Suppose you are an elderly poodle owner who wants your pets to be well cared for when you pass, so you include them in your will for life-long care.  You will states that all of your poodles are to be provided for.  But five years later you have twice as many dogs and none of the new ones are poodles.  Your will only specifies that your poodles are to be cared for, and so you change its language to state that your dogs are to be cared for.      Have you thereby changed the nature of your poodles into a different sort of dog (like bulldog) simply by not labeling them as poodles?  Or did you merely employ the name of their parent group (dogs) and not effect any change whatsoever in them.  They are still poodles as well as dogs.  They are both, -not one or the other!
That seems like straight-forward common sense that even a child can comprehend quite readily, and yet their bias in favor of defending their doctrine of the necessity of native-birth alters the way their minds work.  That is needed in order to defend the belief that Congress has the “power” to change the political nature of people when it does not have that authority under the Constitution; (-but that has not stopped the federal government and its courts from stealing that authority away from the States via illegitimate court rulings).
Anyway, by ascribing such authority to the government (Congress) a false equivalency to the British Crown is thereby created and under that equivalency the government can determine the criteria for national membership, -including an added requirement of native-birth just as was the case under the royal dictator when his government identified native-birth as the criterion of subjectship among all who were not children of hostile invaders or foreign ambassadors.
Under that regime of nationality assignment  one cannot argue that such a status quo view of nationality is illegitimate because it is presented as the true and legitimate authority of the government, when in fact the government has no such authority over the natural citizens of any free nation, -including our own, -nor those who walk in our shadow.  All natural citizens are members of their own country by inheritance of membership from their parents.  There are no other extraneous factors.  It is all natural blood connection.
Hence the absence in the Constitution of terms such as “legal-born citizen”, native-born citizen, or immigrant-born citizen.

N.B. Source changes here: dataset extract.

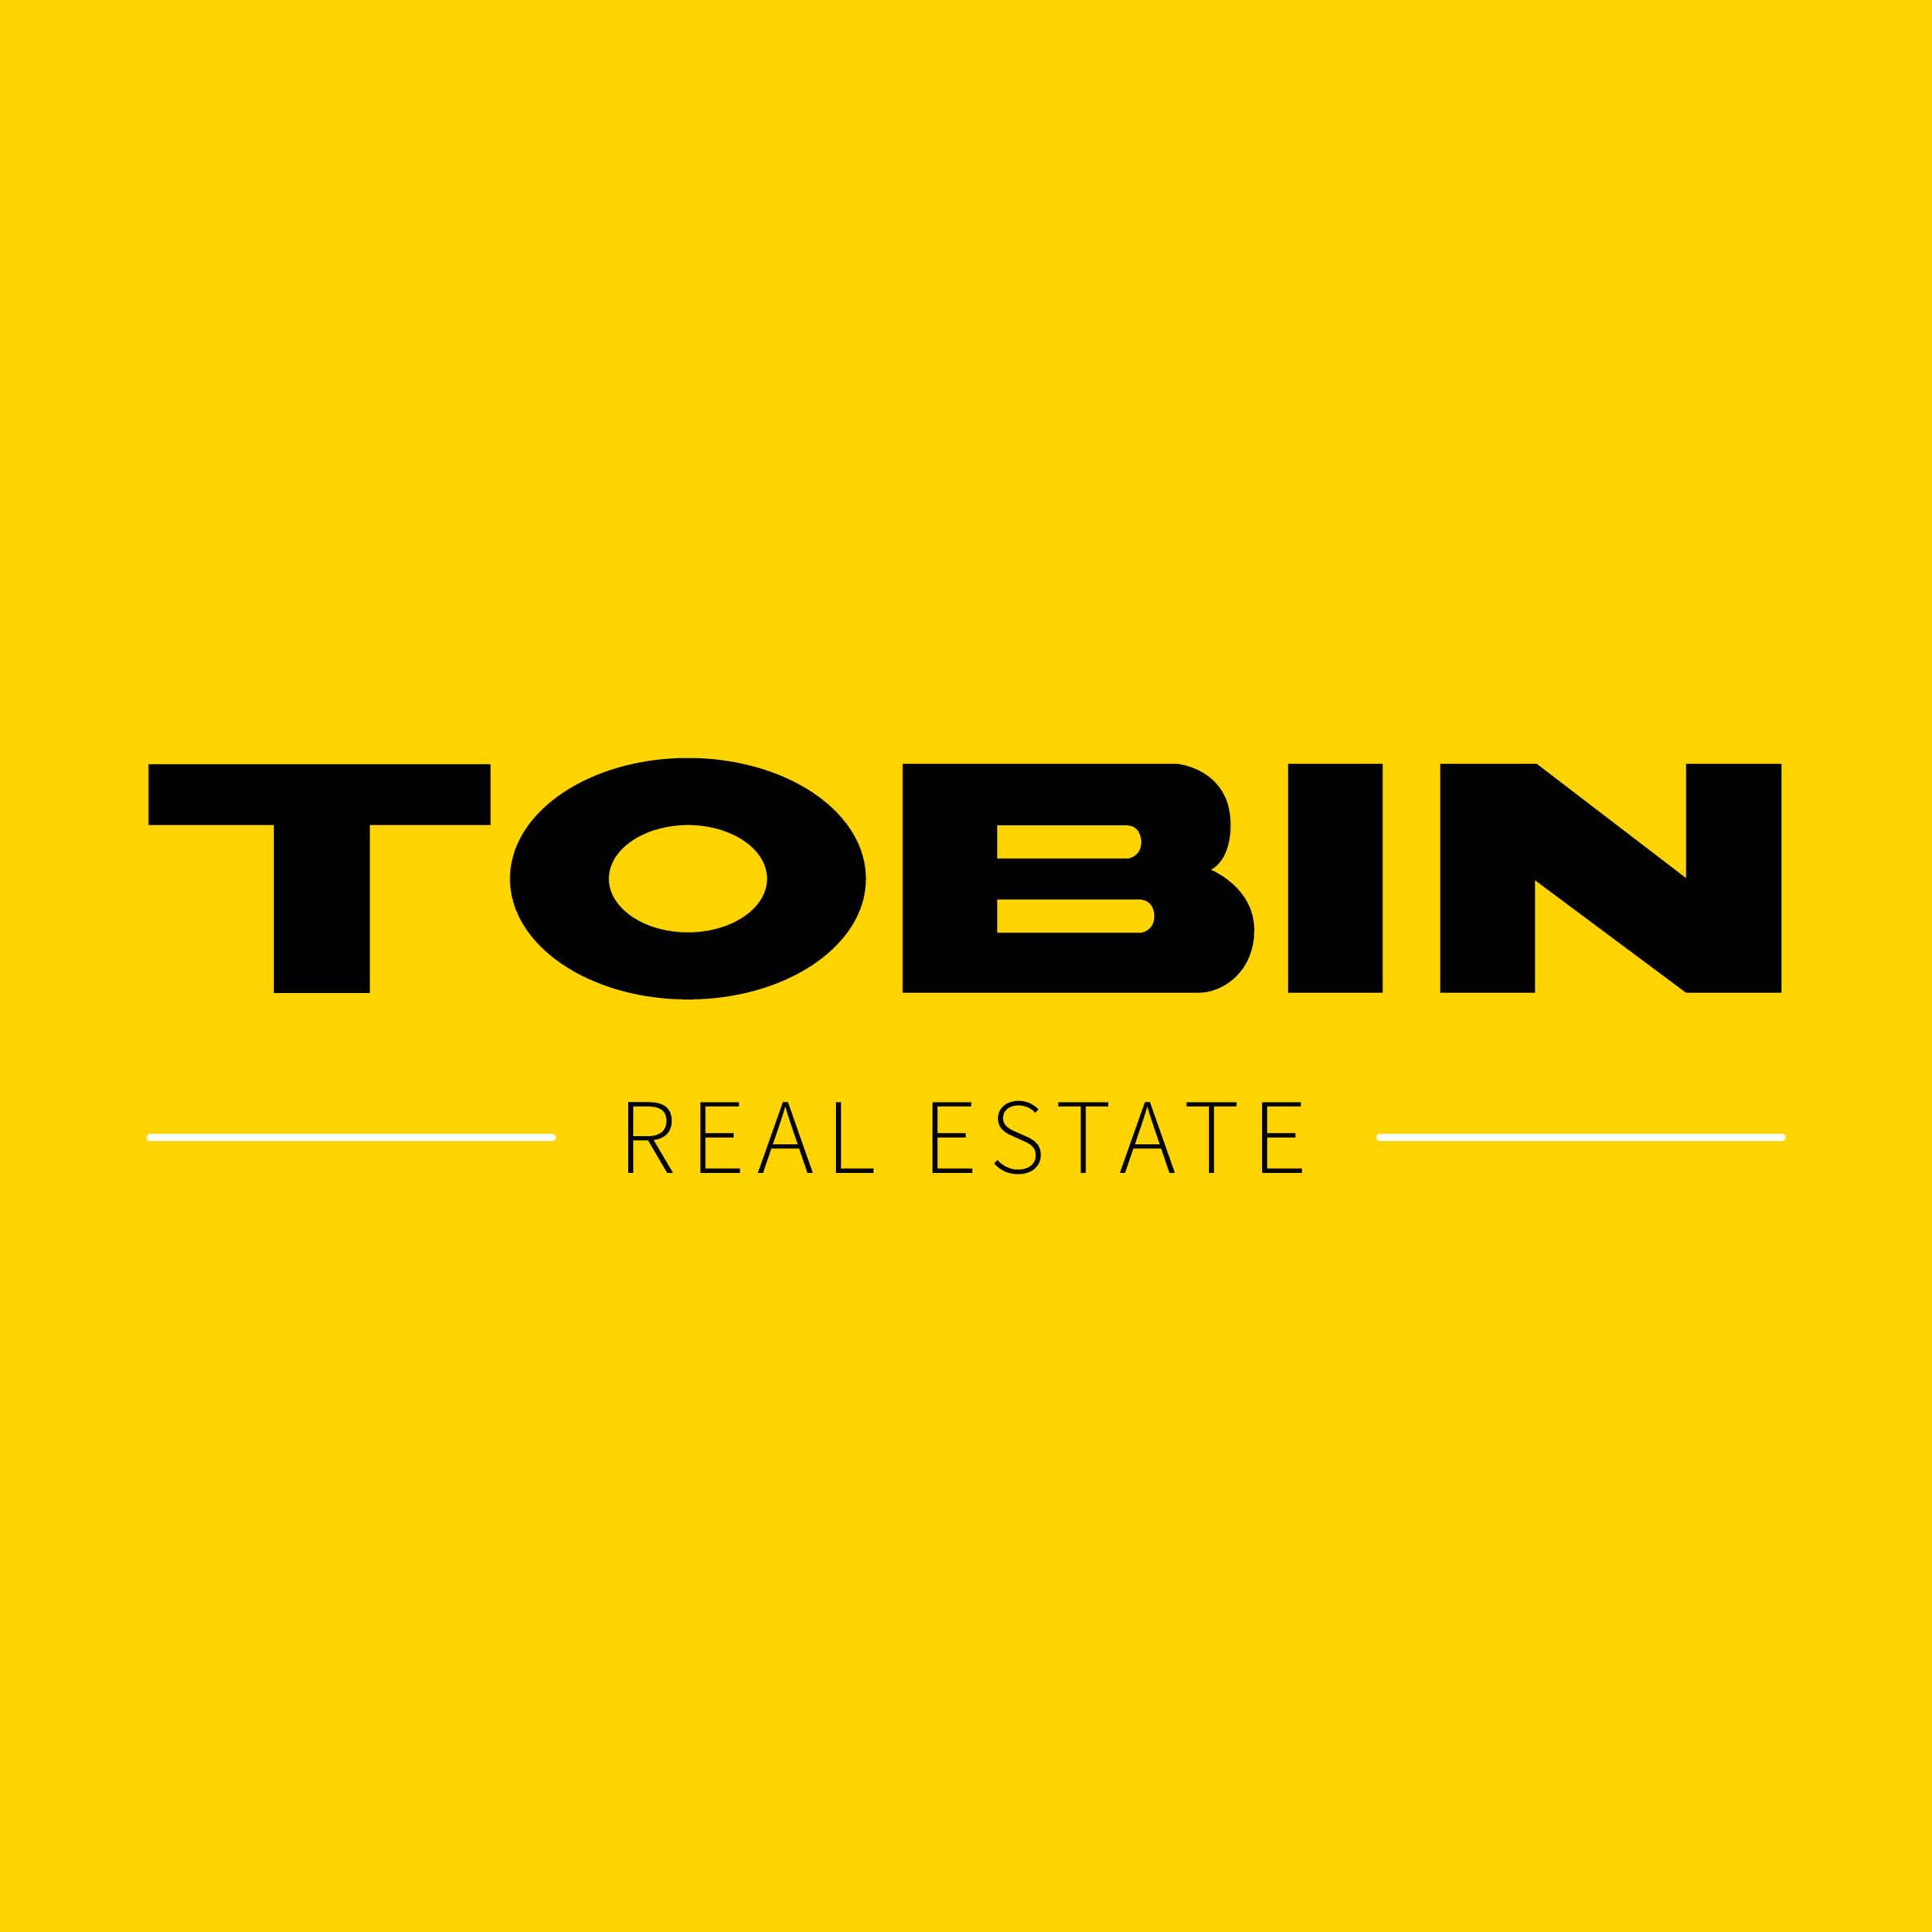 Tobin-FB-Profile.jpg

Neither legal constructs, mandates, policies, statutes & opinions, -nor birth location coordinates, or immigrant legal status have any connection or bearing on that which is purely natural, and that’s why no other adjective was used to modify the term and requirement that the President be “a born citizen”.  Only “natural” was used and no others are allowed, -with even “native” being excluded.
The only way that the constitutional language is not subverted is with “natural” meaning what it actually means and not what some want it to mean.